> [Data excerpt]:
|---|
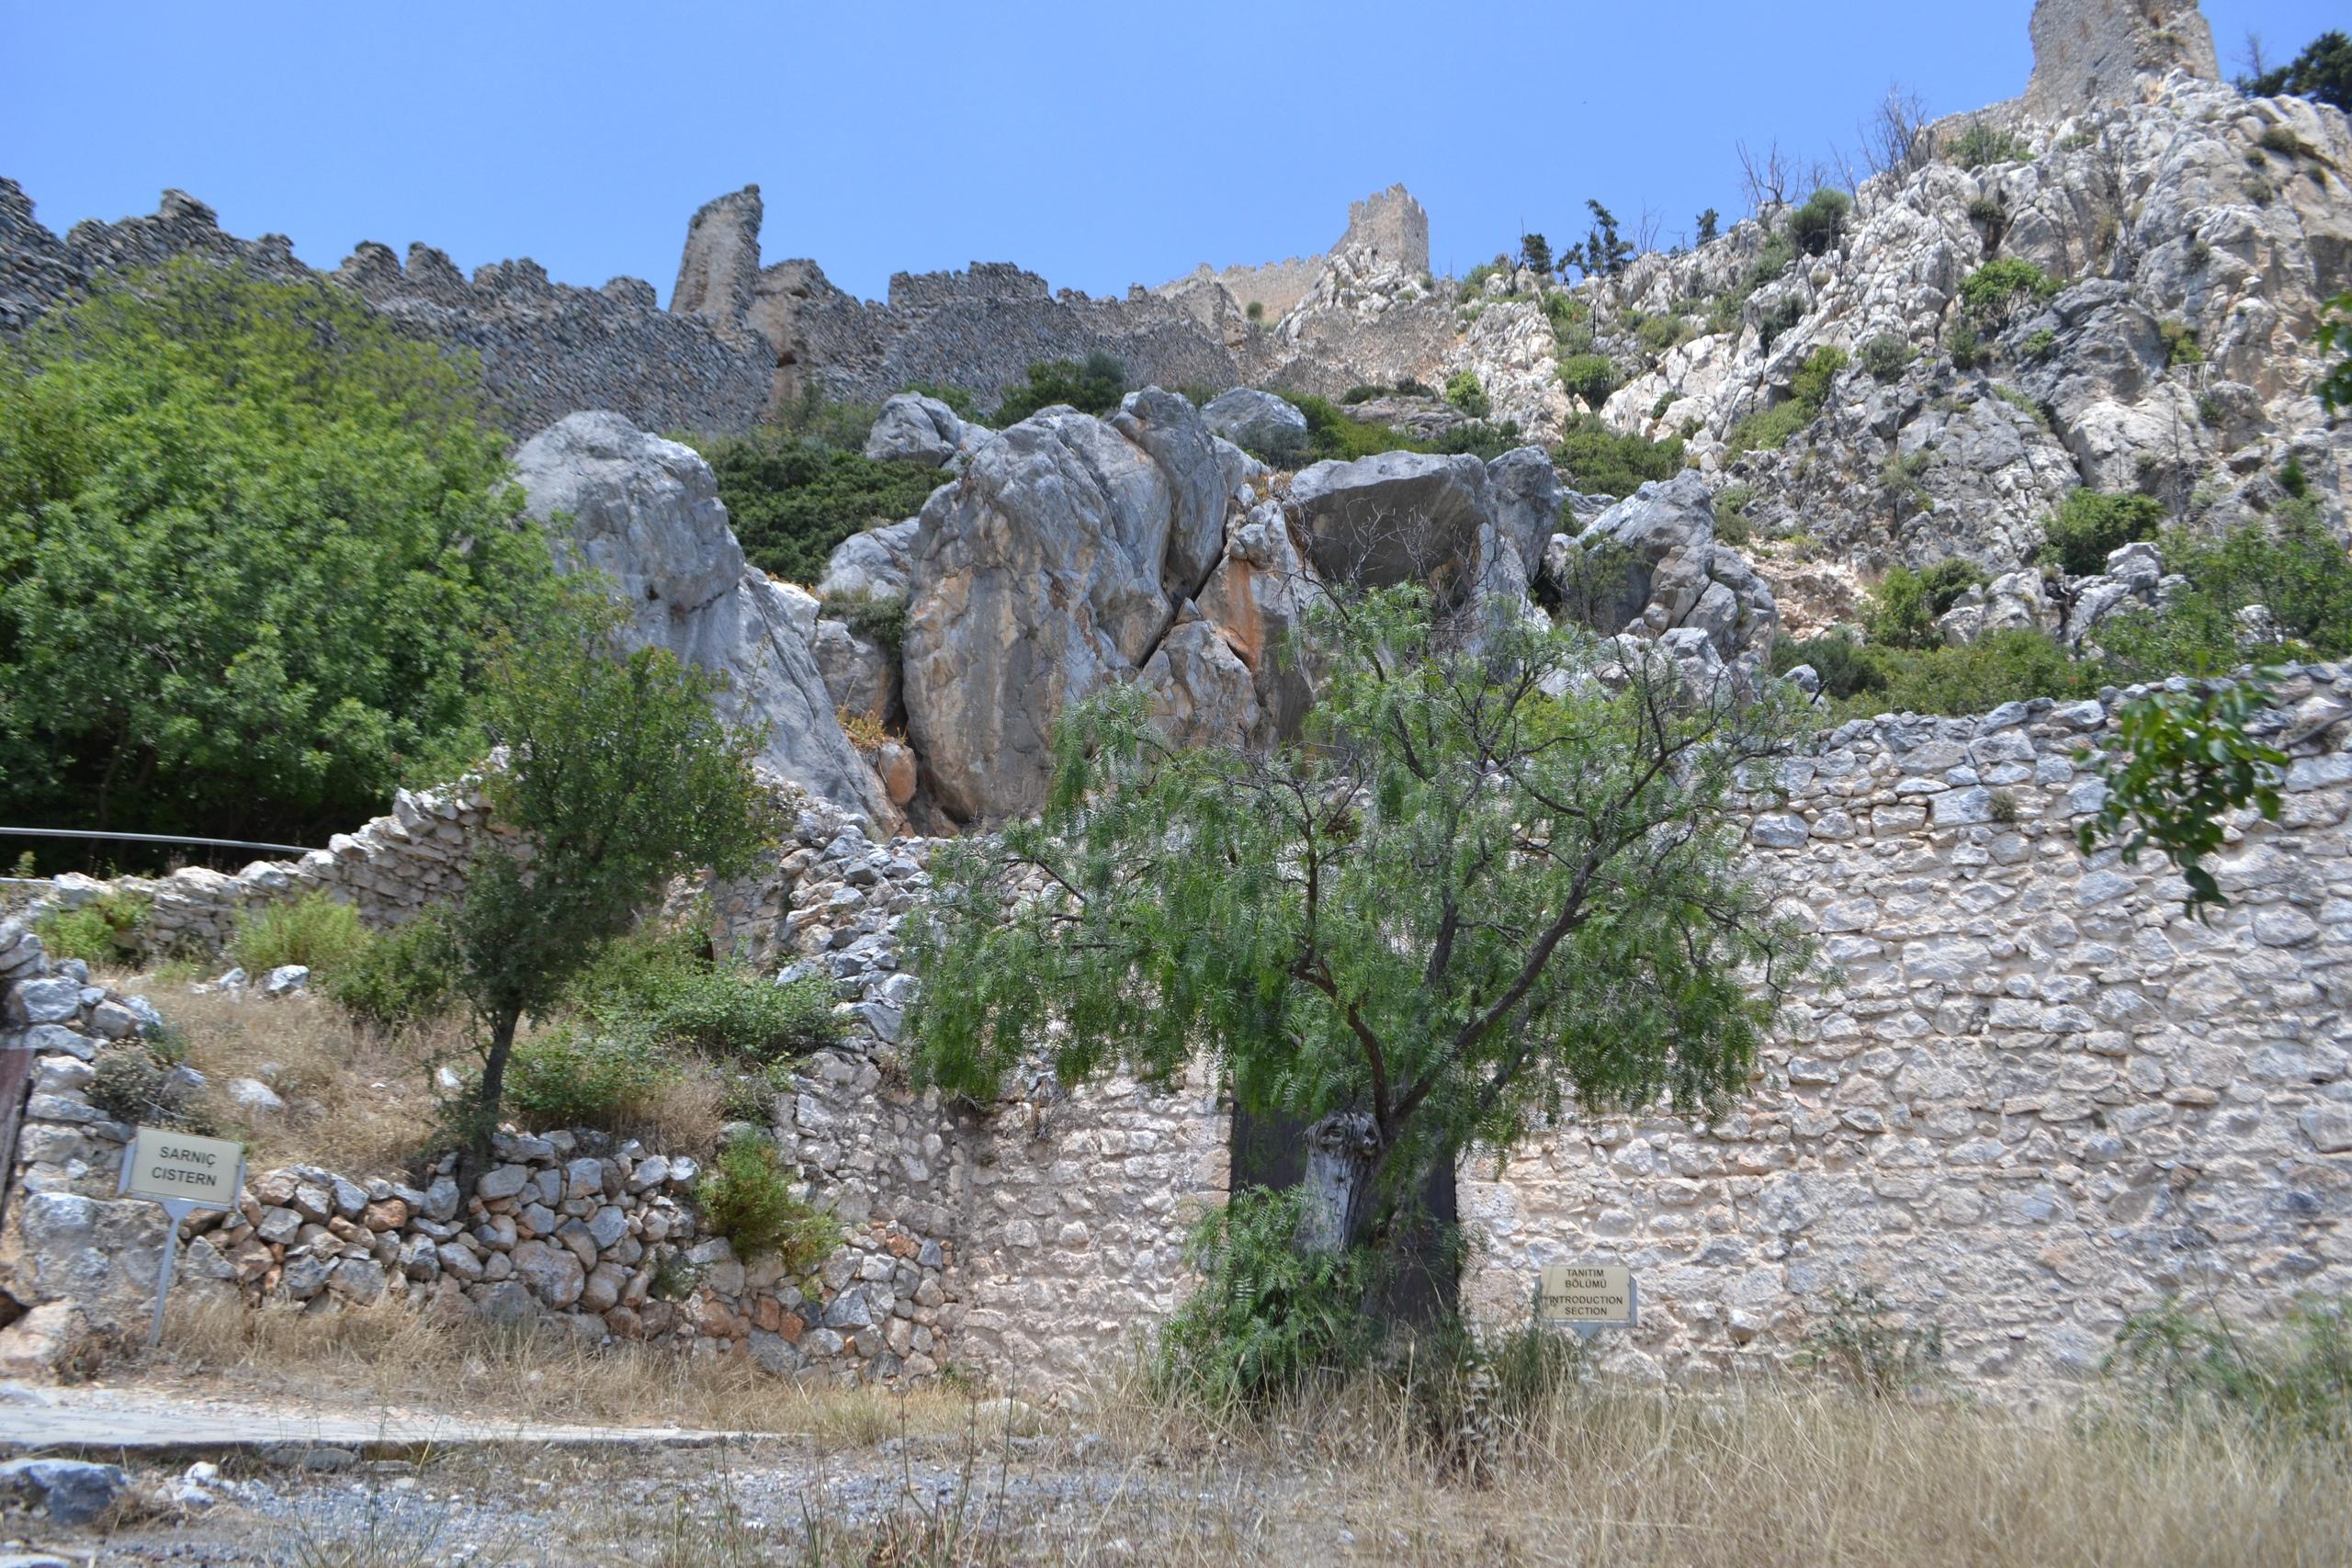 Северный Кипр. Замок Святого Иллариона. (фото). HI8_sdhjgz0
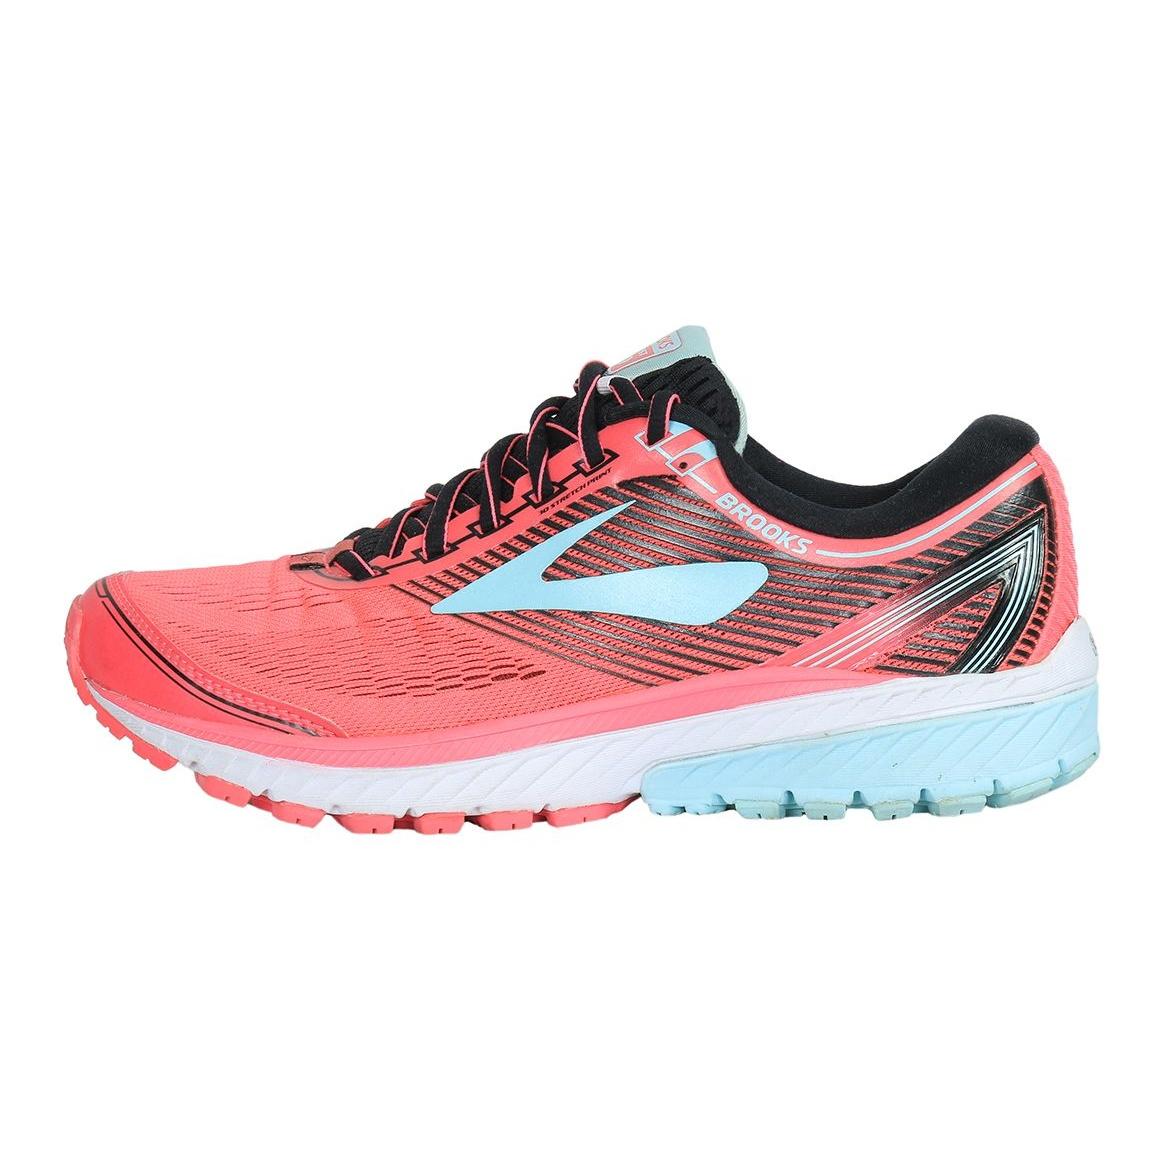 کفش مخصوص دویدن نه بروکس کد 1202461B995
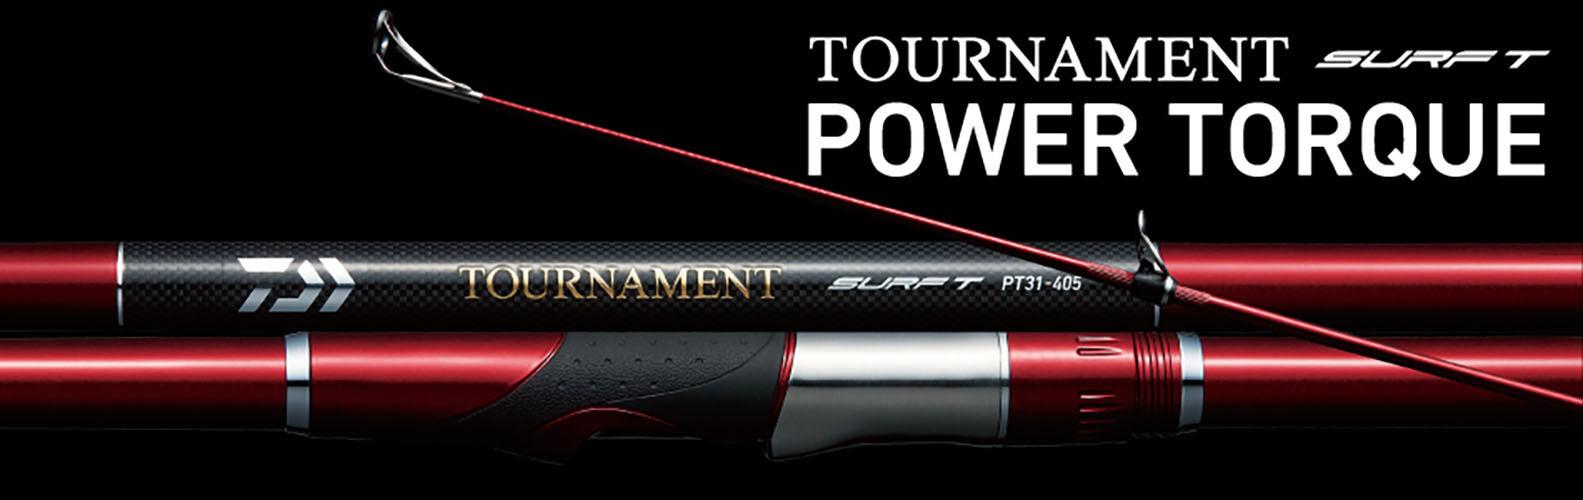 Daiwa Tournament sale T potencia par 31-425 e 13' 9  Japón Caña Pesca Giratoria
|---|
> [What you need to do]:
Working from the listing above, retype it exactly but include no images.

> [Exercise output]:
 Северный Кипр. Замок Святого Иллариона. (фото). HI8_sdhjgz0
 کفش مخصوص دویدن نه بروکس کد 1202461B995
 Daiwa Tournament sale T potencia par 31-425 e 13' 9  Japón Caña Pesca Giratoria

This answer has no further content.